We put all our work in version control
When I started this role, the first project I worked on was to move our configs into git. Most of those configs are stored on shared NFS volumes which are available on all hosts. Previously people made config changes by making a copy of the file they wanted to change and then made the change to the copy. Once that is ready they would take a backup of the production copy of the file, and copy their new version into place.
Importing the files into repos was generally straightforward, but sometimes there was automatically generated content that needed excluding in .gitignore. To deploy the repo we added a post-update hook on the git server that would run git pull from the correct network path.
But we also wanted to catch when people would change things outside of git and do so without overwriting their changes. This would allow us to identify who was changing things and make sure they knew the new git based process. To do this we added a pre-receive hook on the server that would run git status in the destination path and look for changes.

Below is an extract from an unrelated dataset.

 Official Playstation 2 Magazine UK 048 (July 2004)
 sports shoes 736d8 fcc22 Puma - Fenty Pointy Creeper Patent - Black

That was the first step in changing the way we worked. It wasn’t a big change, but it got everyone fairly comfortable with using git. The synchronous nature of the deployment was a big plus too, because all the feedback about success or failure would happen in your shell after running git push
Then we generated notifications
This was great progress, and we got more and more of our configs into this system over time. The next thing we wanted to do was to produce notifications about what’s changing. This would allow us to catch mistakes, find bad changes that broke things, and to understand who is making changes to what systems.
We did two things to achieve this - we made all these repos send email changelogs and diffs whenever someone pushed a change, and we created an IM bot that would publish details changes into a group chat root.
This was great to produce an audit trail of changes happening to the system. But whenever you saw a change break something, in hindsight you thought - well I knew that change would break, I could stop that before it was deployed.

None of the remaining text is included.